• _PROVIDED DATA_:
╭──
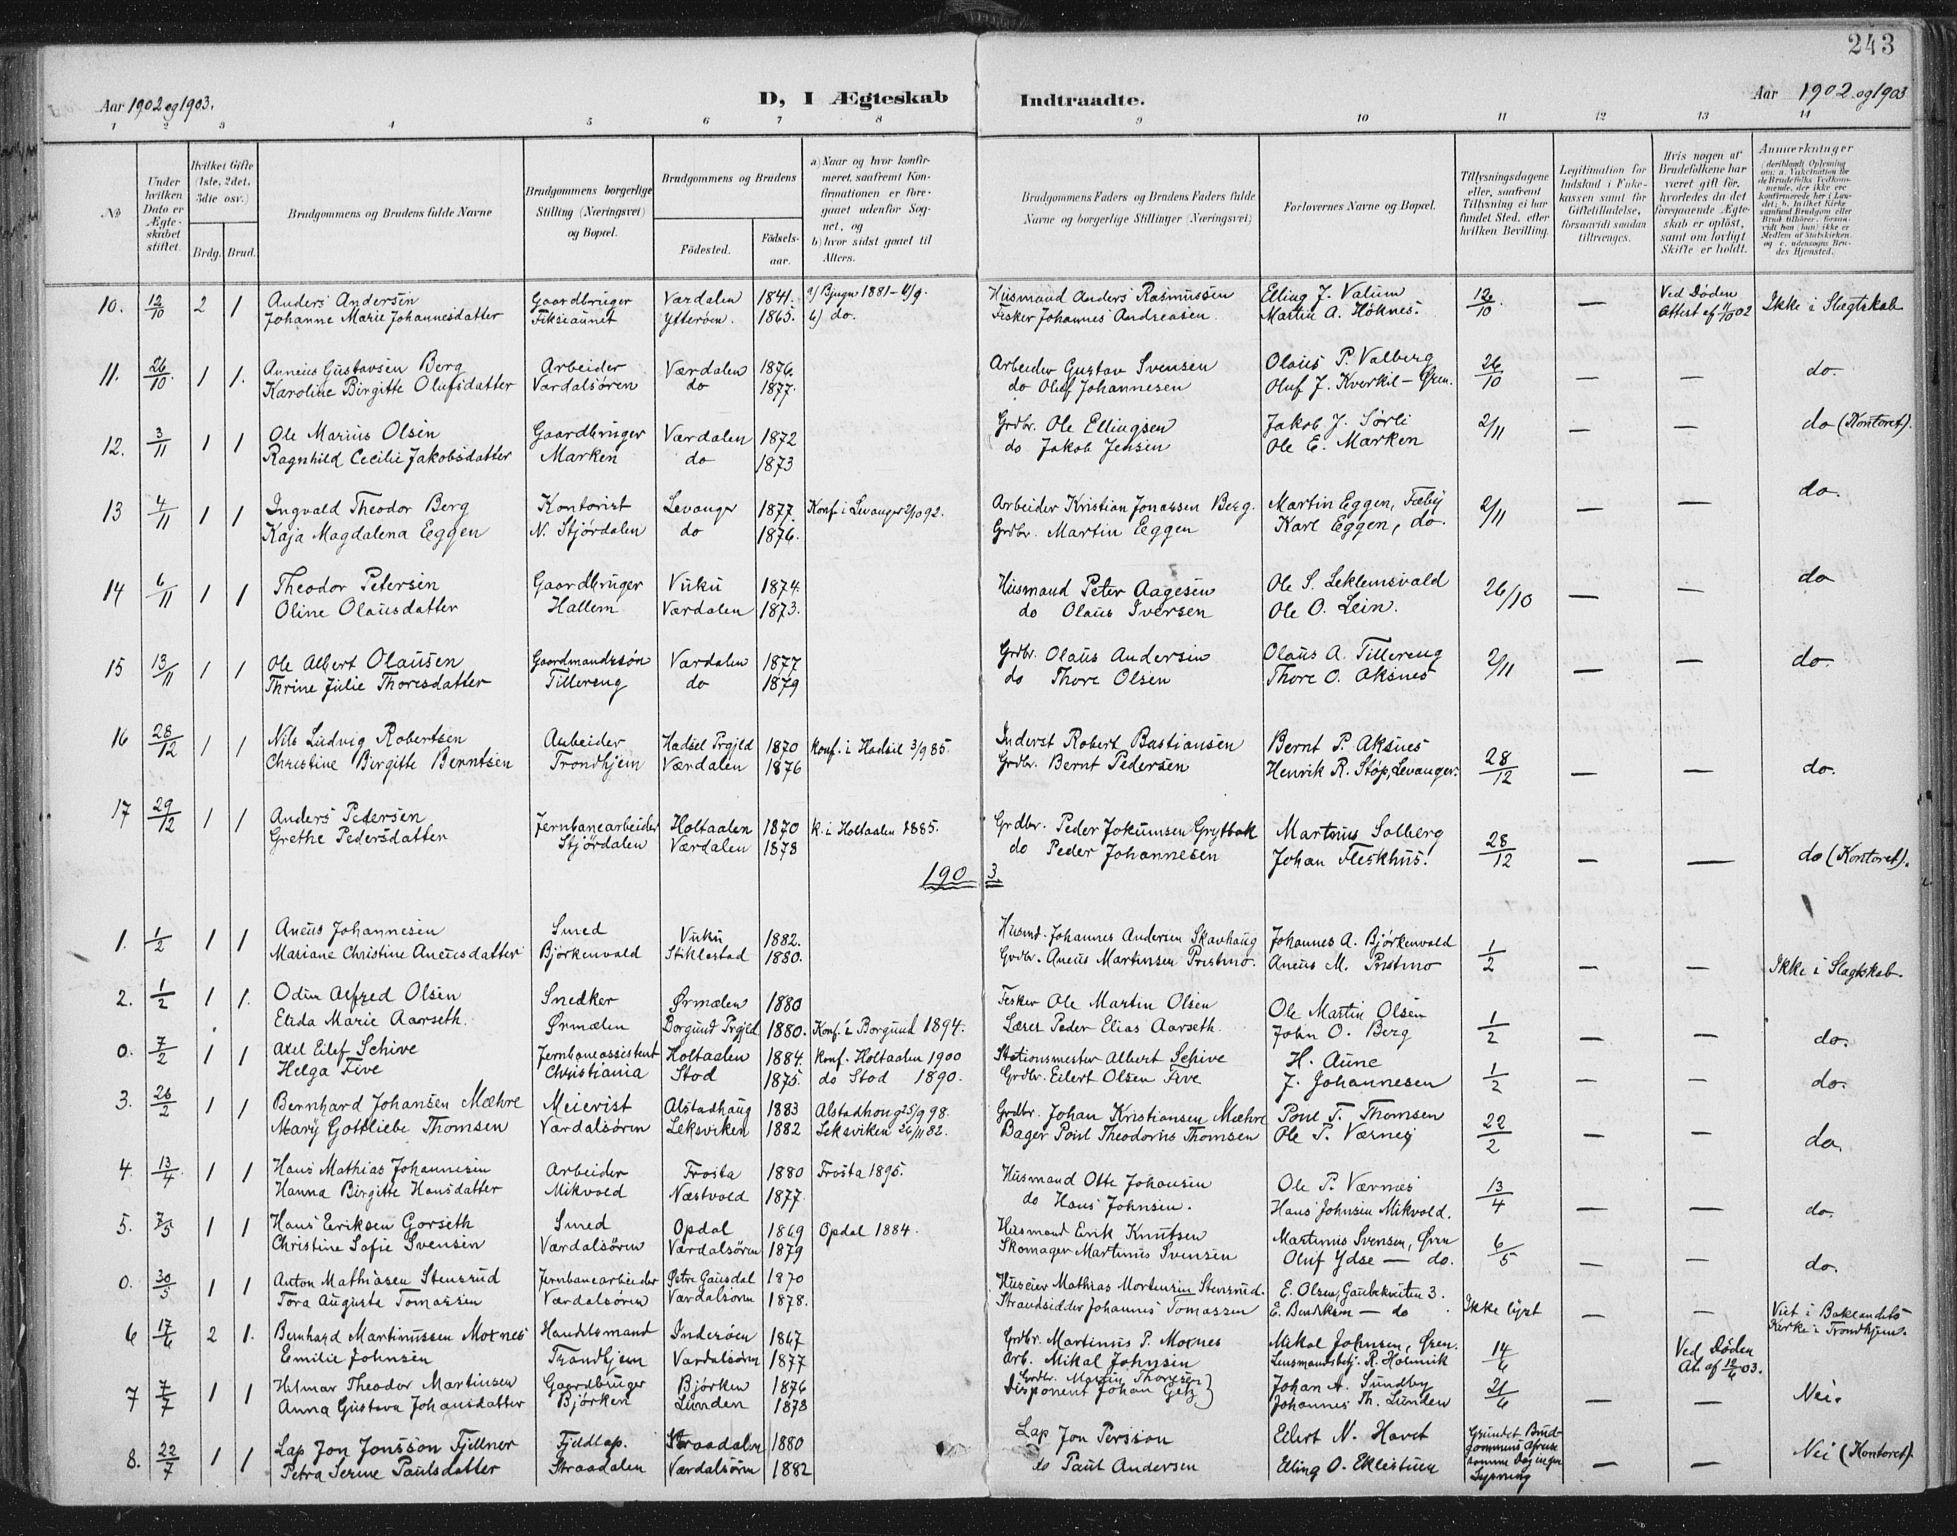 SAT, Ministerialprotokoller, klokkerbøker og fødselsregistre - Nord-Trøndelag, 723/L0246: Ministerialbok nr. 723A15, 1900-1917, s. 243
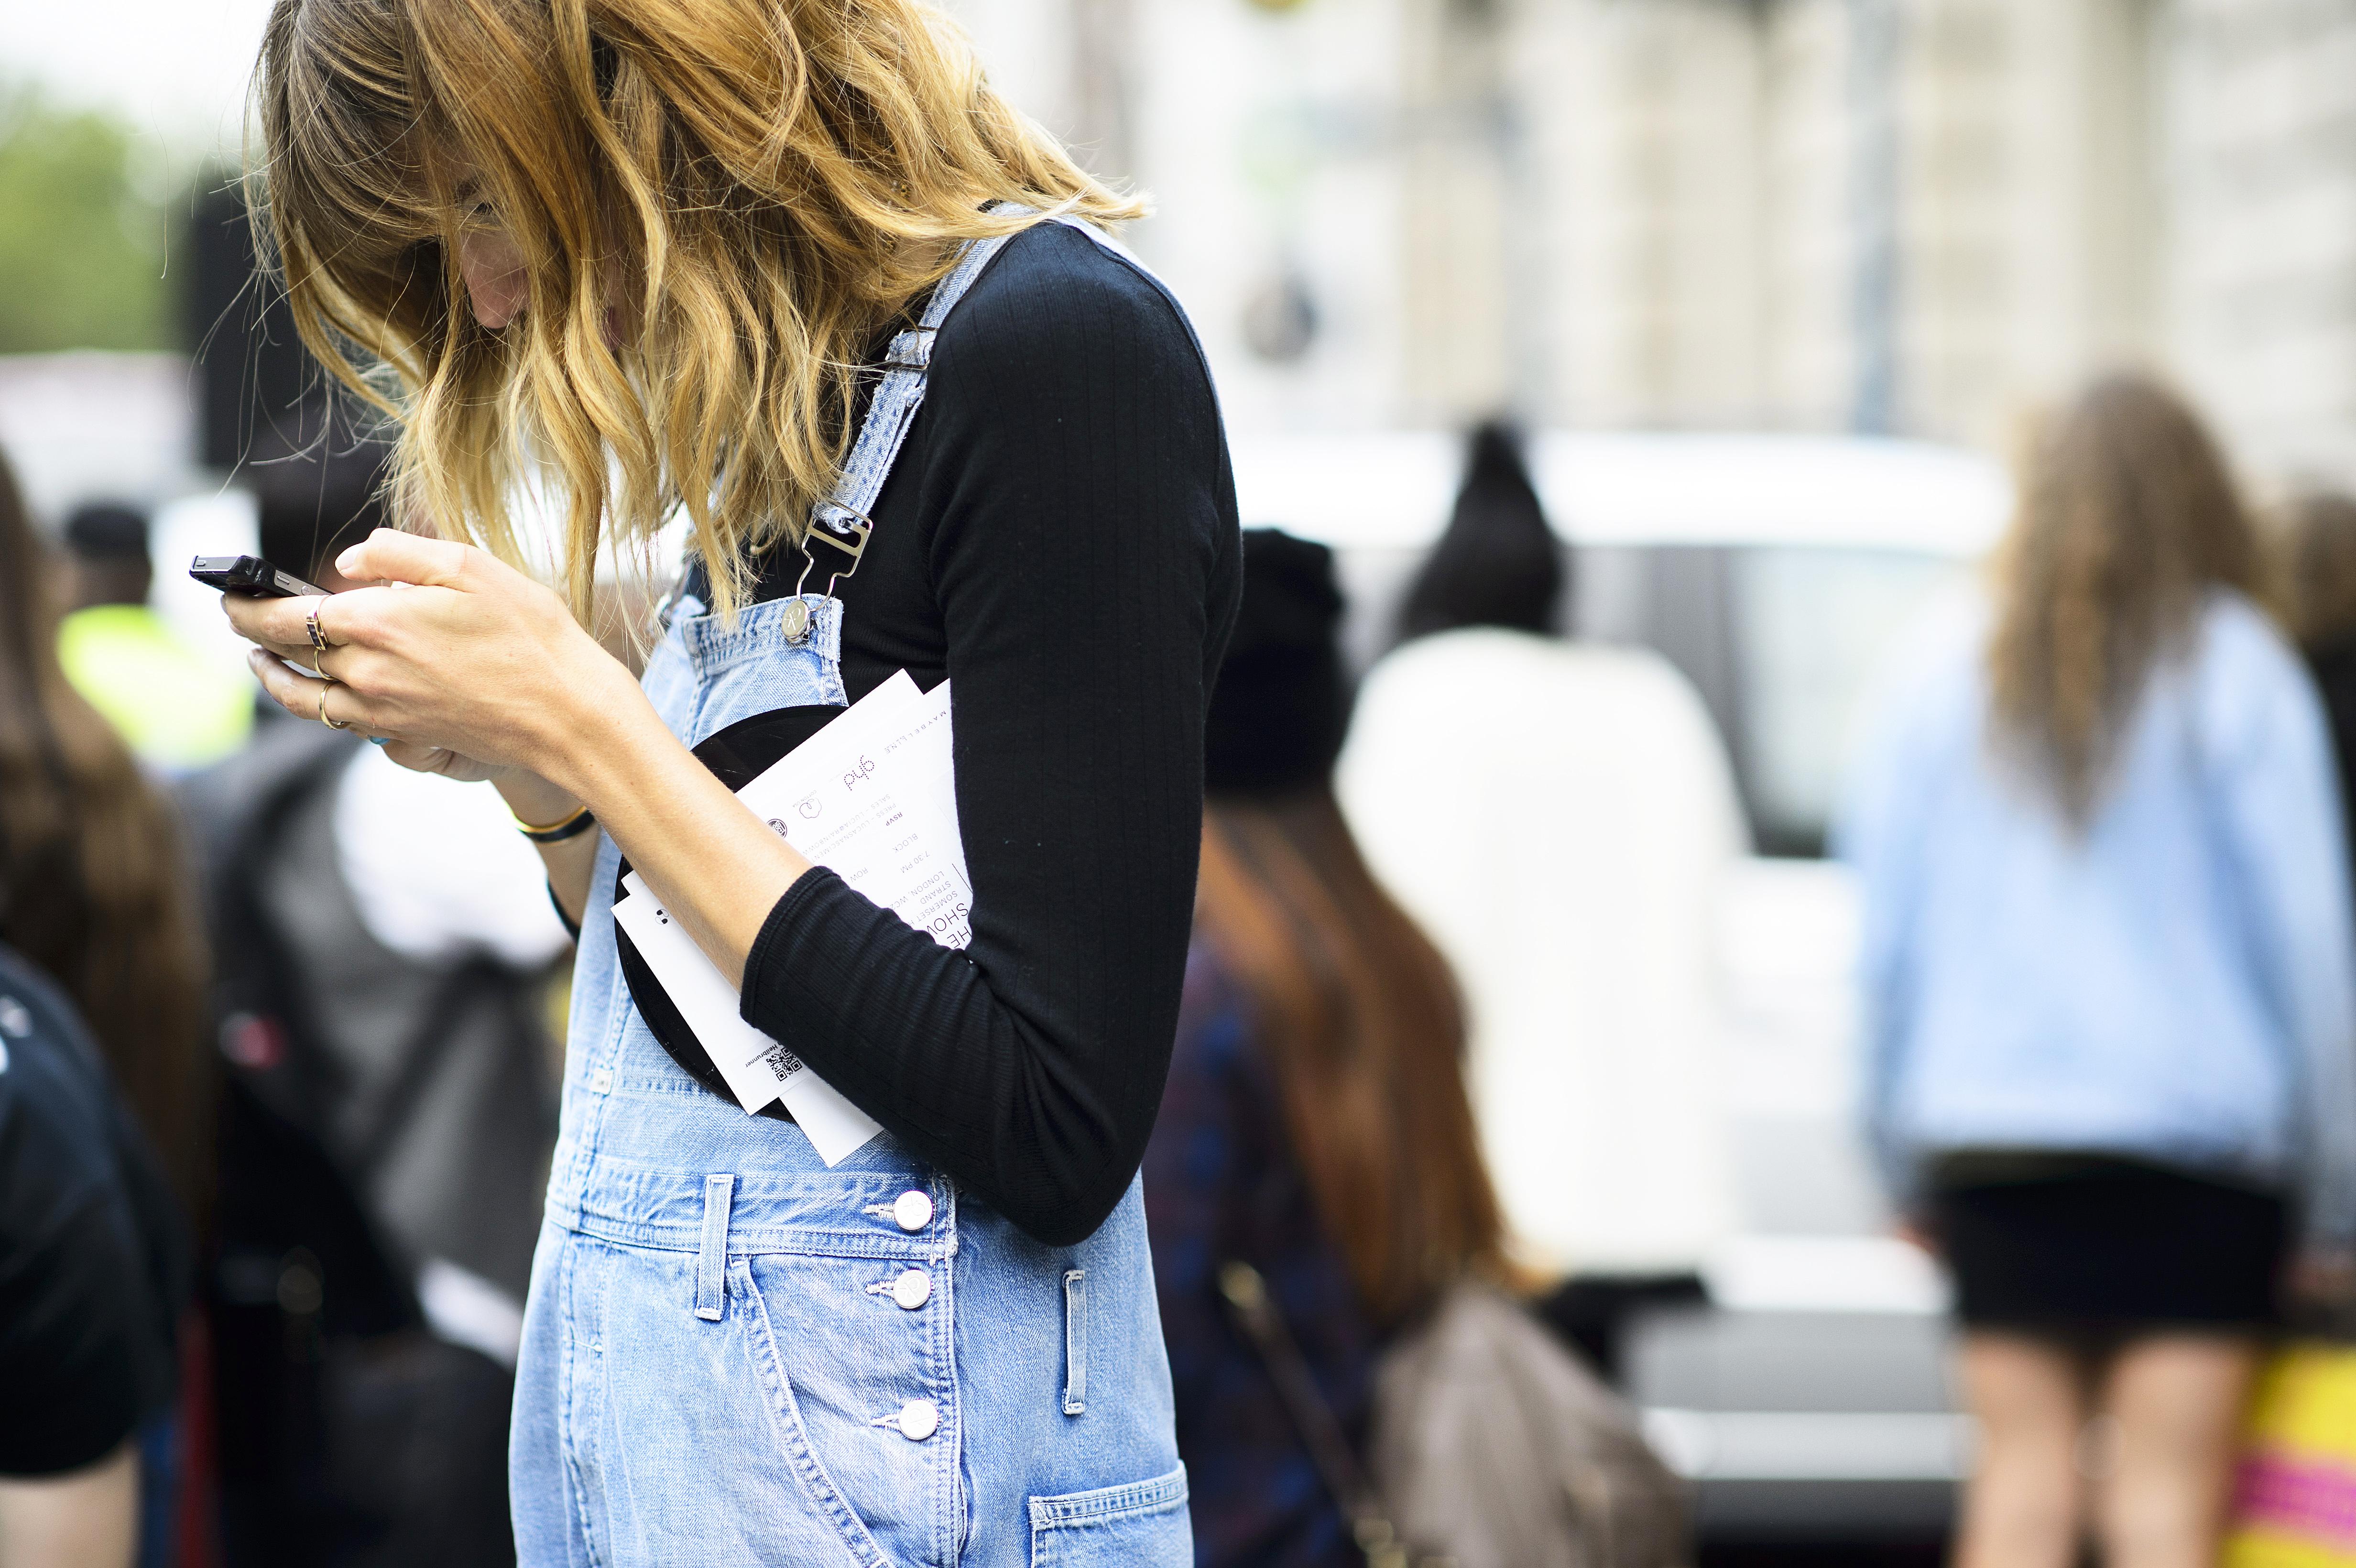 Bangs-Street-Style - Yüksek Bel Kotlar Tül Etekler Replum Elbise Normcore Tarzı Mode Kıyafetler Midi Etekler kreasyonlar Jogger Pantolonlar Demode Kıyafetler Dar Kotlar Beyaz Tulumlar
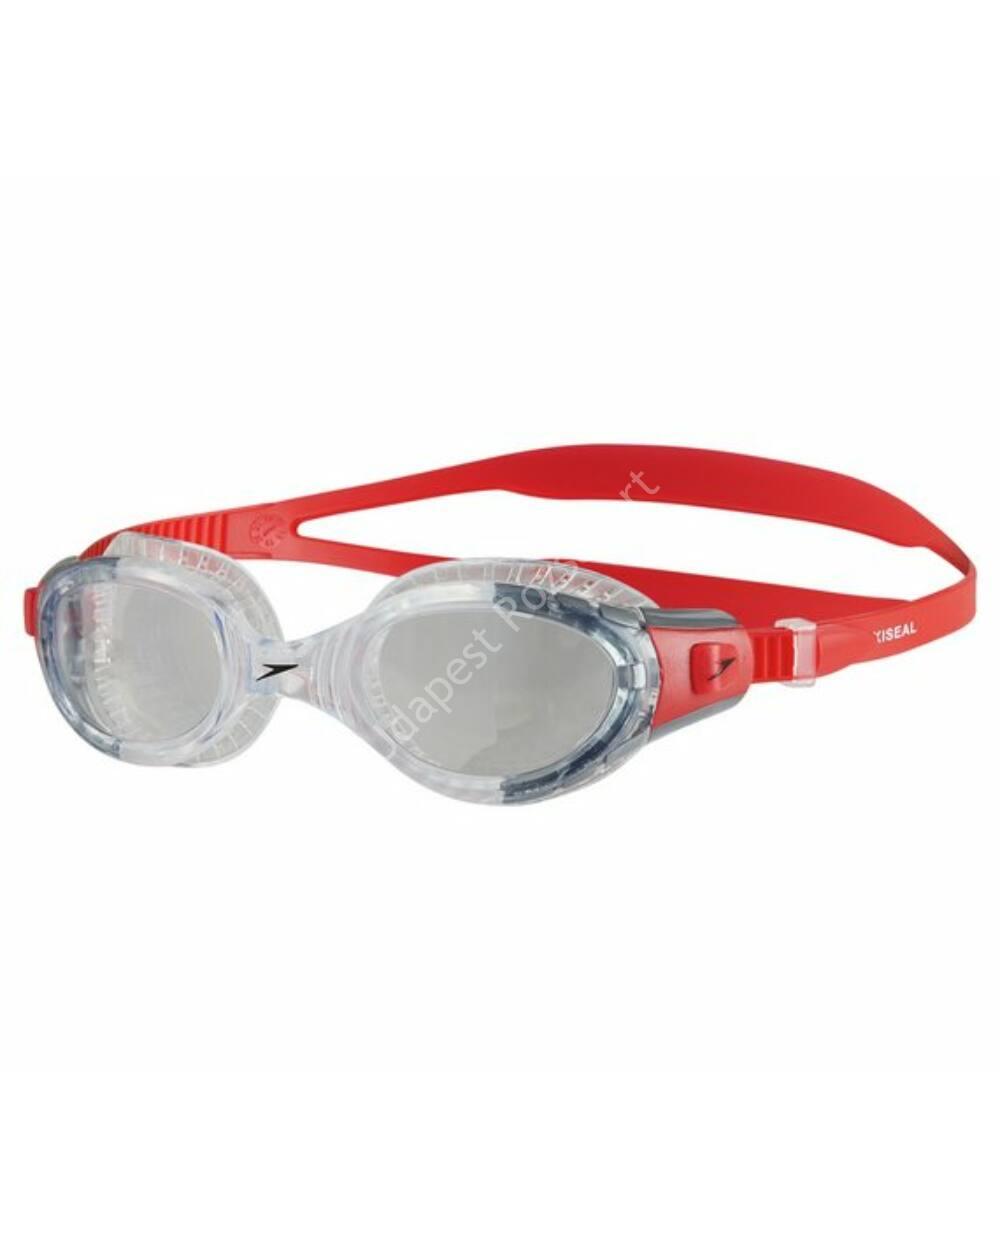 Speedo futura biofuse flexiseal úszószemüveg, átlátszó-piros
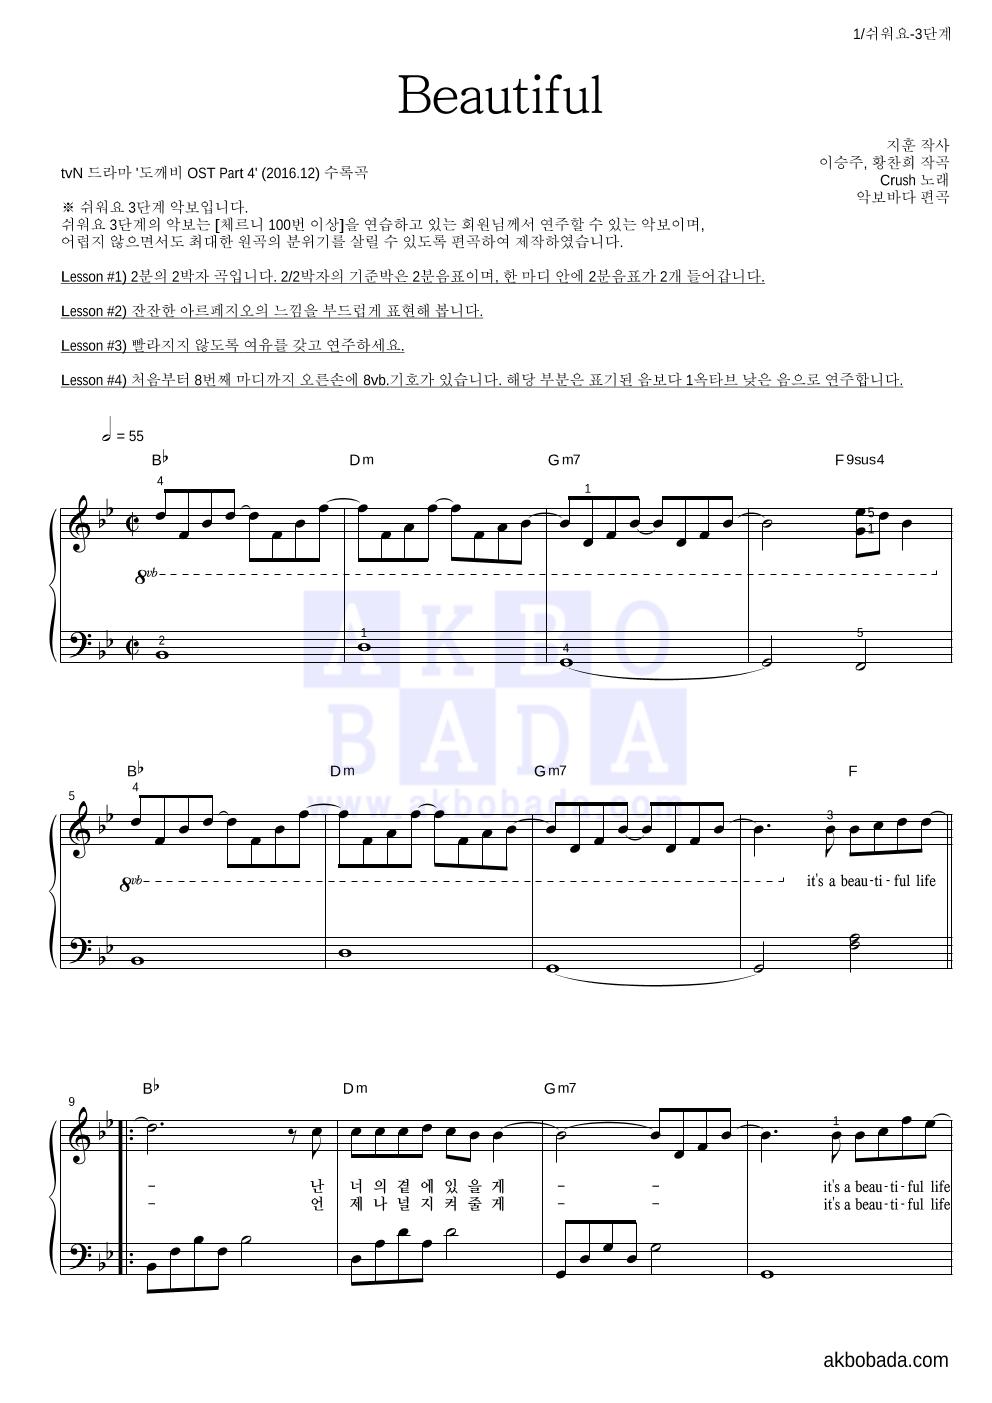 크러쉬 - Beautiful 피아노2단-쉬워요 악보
╰──
• _TASK BRIEF_:
Output the listing above in full and exactly, with pictures excluded.

• _SOLUTION_:
 SAT, Ministerialprotokoller, klokkerbøker og fødselsregistre - Nord-Trøndelag, 723/L0246: Ministerialbok nr. 723A15, 1900-1917, s. 243
 Bangs-Street-Style - Yüksek Bel Kotlar Tül Etekler Replum Elbise Normcore Tarzı Mode Kıyafetler Midi Etekler kreasyonlar Jogger Pantolonlar Demode Kıyafetler Dar Kotlar Beyaz Tulumlar
 Speedo futura biofuse flexiseal úszószemüveg, átlátszó-piros
 크러쉬 - Beautiful 피아노2단-쉬워요 악보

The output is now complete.